Format: Syfy on rockin’ flatscreen.
Oh, I really wanted to like Lake Placid. I wanted to like it when I saw it in the theater in 1999 and I wanted to like it when I rewatched it. It’s rare that an exploitative horror movie sports a cast as impressive as this one—Bill Pullman, Bridget Fonda, Betty White, Brendan Gleeson, and Oliver Platt. Plenty of horror movies attempt comedy with physical gags and don’t pay as much attention to a solidly funny script. Lake Placid is so close to being everything a good horror/action/comedy film can be and it comes up short over and over. It’s disappointing because it could have been a classic instead of a disappointment.
Lake Placid is a high concept film in the sense that the entire plot can be related in a single sentence: a 30-foot crocodile turns up in a lake in Maine and terrorizes the area. If you prefer, “crocodile Jaws in Maine.” That’s seriously it.
Kelly Scott (Bridget Fonda) is a paleontologist working in an unnamed New York museum. When the film opens (after our initial guy-bitten-in-half scare), she is dumped by her boyfriend/boss for another coworker. News of the attack in Maine comes in, along with the discovery of what appears to be a prehistoric tooth. To get her out of the office and away from the tension, Kelly is sent off to Maine to investigate.
Big shock—it’s a crocodile, although we don’t get real confirmation of that until a good distance into the film. Along with Kelly, we have a convergence of multiple personalities on the scene. The most prominent is Fish and Game officer Jack Wells (Bill Pullman), who is also in the area to investigate the attack from the start of the film. Naturally the local sheriff, Hank Keough (Brendan Gleeson) is investigating with all of his deputies. And, as the investigation kicks in, we get the arrival of Hector Cyr (Oliver Platt), an independently wealthy mythology professor/crocodile nut, who shows up because before anyone knows we’re dealing with a crocodile, he knows that we’re dealing with a crocodile.

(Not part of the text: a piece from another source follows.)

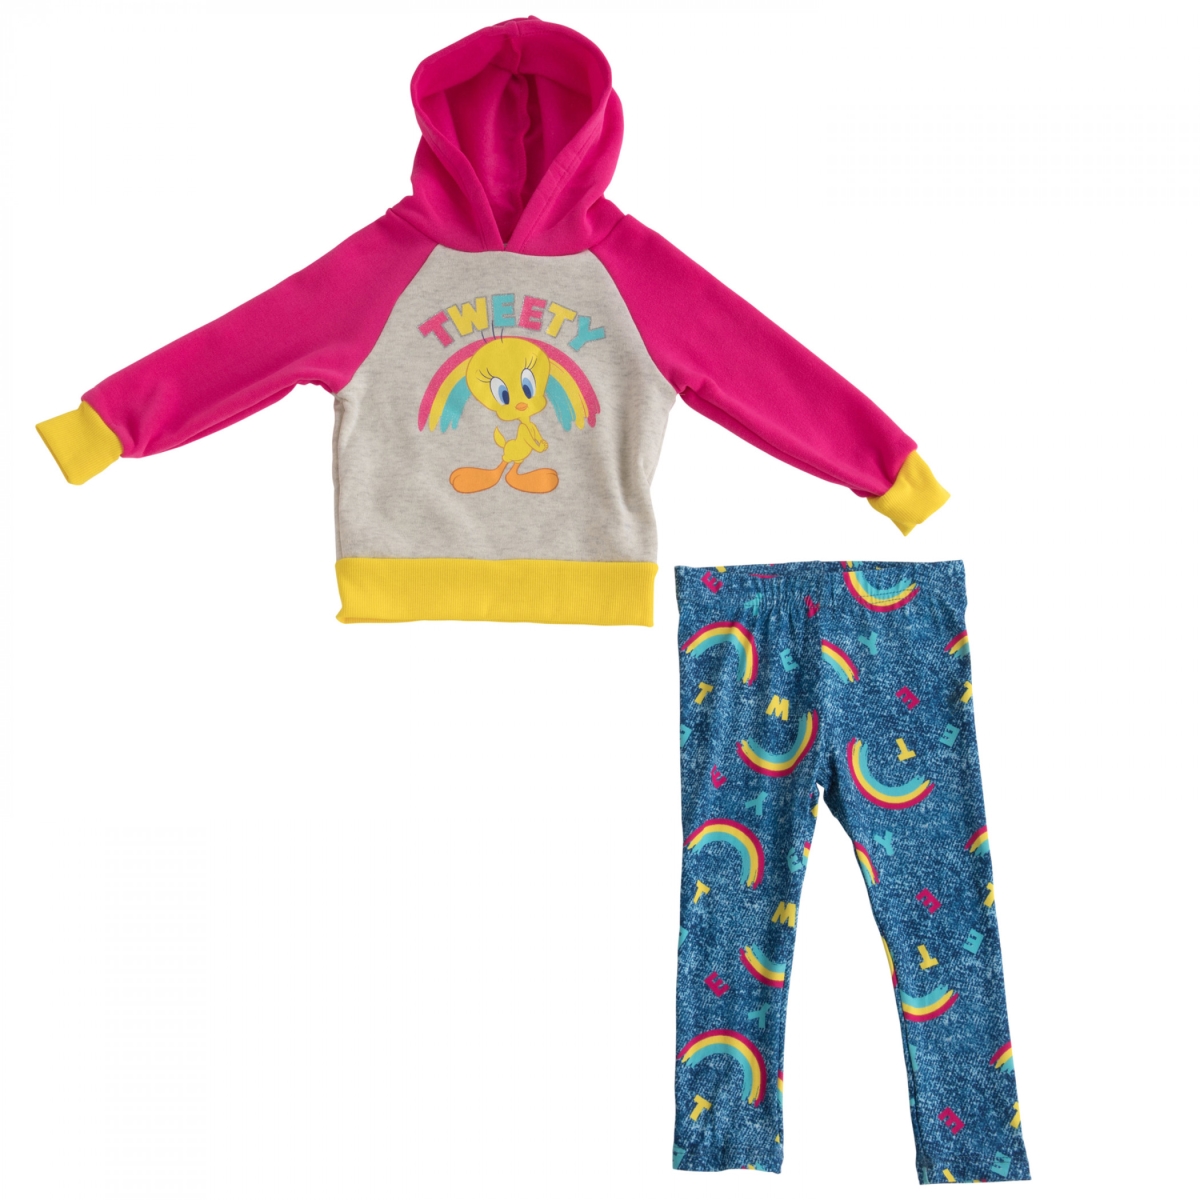 Looney Tunes 850072-toddler4t Looney Tunes Tweety Bird Rainbow Infant Fleece Jacket Set - Toddler 4T - 2 Piece
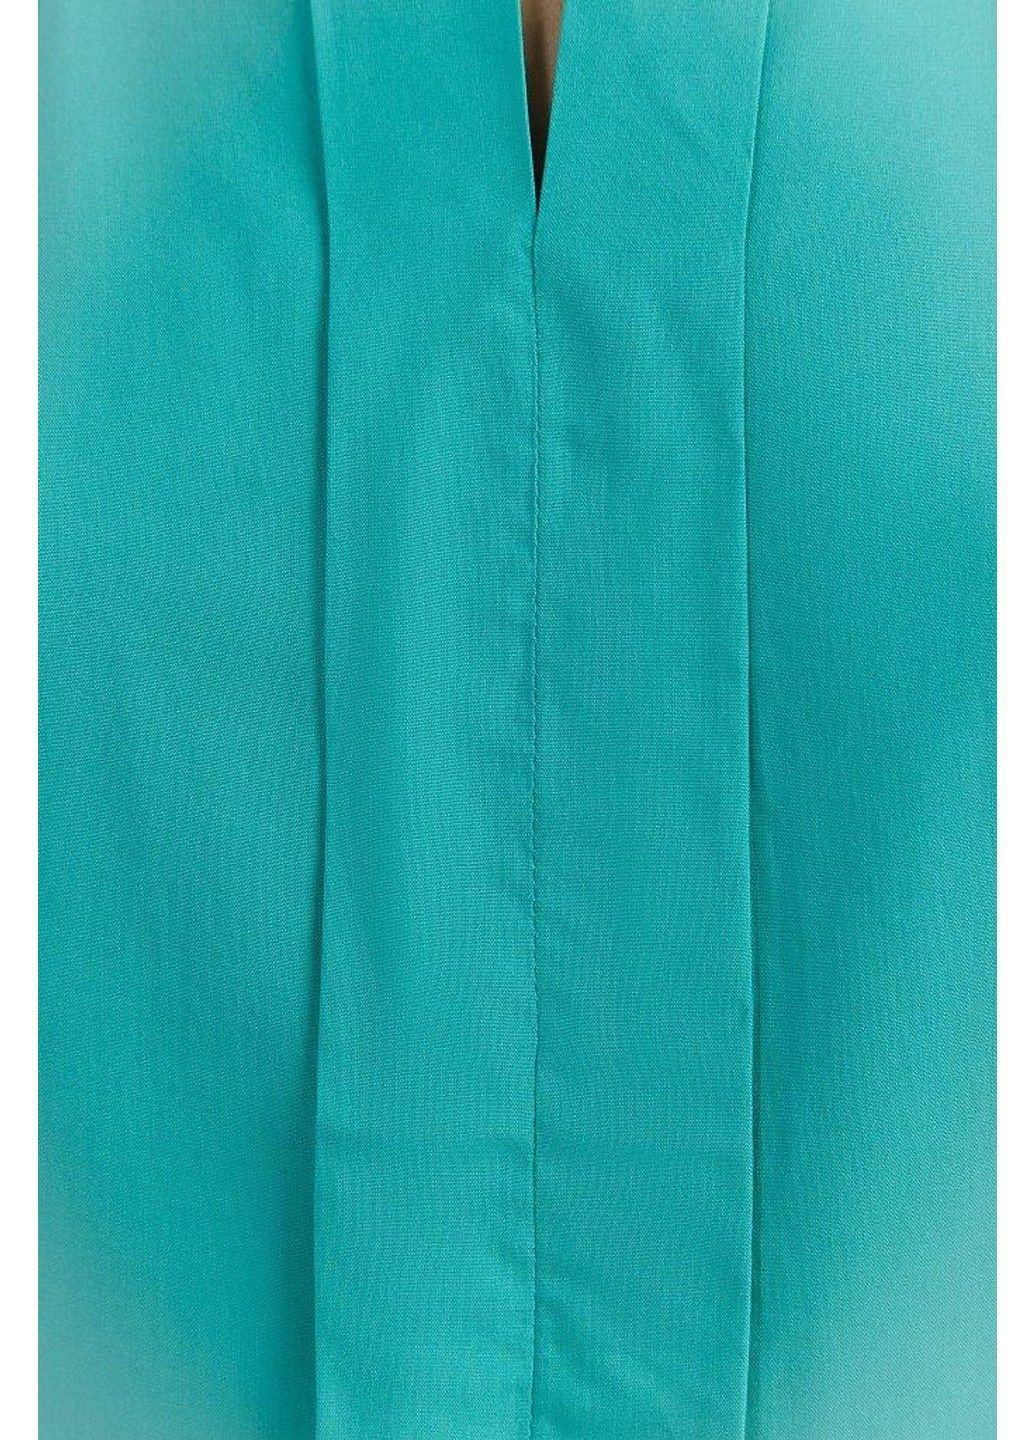 Бірюзова блузка s19-11099-502 Finn Flare

So, here’s the dynamic, and we’re going to have lots of clichés coming from all directions. Kelly is a prissy New York snob who spends a good chunk of the film making fun of Maine and complaining about how everyone in Maine is an uneducated hick not worth her time. Of course, she’s going to end the film romantically attached to officer Jack Wells, because we can’t have a movie with an unattached Bridget Fonda or an unattached Bill Pullman. Snobbish and sarcastic Hector Cyr spends the entire movie sparring verbally with Sheriff Keough, who routinely gets caught in Hector’s various crocodile snares and traps.
We also get the bright spot of Betty White as Delores Bickerman, an eccentric widow who lives on the croc-infested lake. We discover soon enough that Mrs. Bickerman knows all about the massive crocodile since she feeds it cows and because the croc is responsible for the death of her husband. Mrs. Bickerman exists in Lake Placid solely as comic relief. It’s entertaining to hear Betty White drop a few crude remarks.
There are multiple problems with Lake Placid. One of the main problems is that the film is ridiculously short, clocking in just a hair over 80 minutes, which isn’t really enough to establish the characters beyond their cliché stereotypes and still give us lots of fun with the giant crocodile. Second, and more serious, is the low body count. There are two human deaths in Lake Placid, which seems quite low for a modern horror film, especially since one of those deaths comes in the first couple of minutes. Because the film wants to focus a great deal on comedic dialogue and character interactions, the focus gets pulled away from the creature feature aspects of the film, and this is what really should be front and center. It almost wants to be character driven, but it’s not expansive enough to be so.
And so, Lake Placid seems entirely misfocused. It wants to be a funny movie with some gore elements, and it kind of is, but it isn’t enough of either. It’s right on the edge of being a really satisfying horror comedy, but can’t really seal the deal for me, even though it really wants to.
It’s a shame, too, because this is such a good cast. There’s a lot that could be done with these people, and to have them in a giant animal monster movie offers such an opportunity for potential entertainment that it’s sad when it comes up so short, both in terms of quality and in terms of running time. Expand this out another 15 minutes, develop the characters a little more, and give us a couple more quality kills, and we’d have something instead of just indications of something.
Is it worth watching? Kind of. If nothing else, there’s a scene where the croc comes out of the water and eats a bear, and that’s the kind of thing that makes watching cheap horror films worth it, even when it’s obviously done with low-rent CGI.
Why to watch Lake Placid: A motherfucking crocodile eats a motherfucking bear.
Why not to watch: It wastes a tremendously good cast.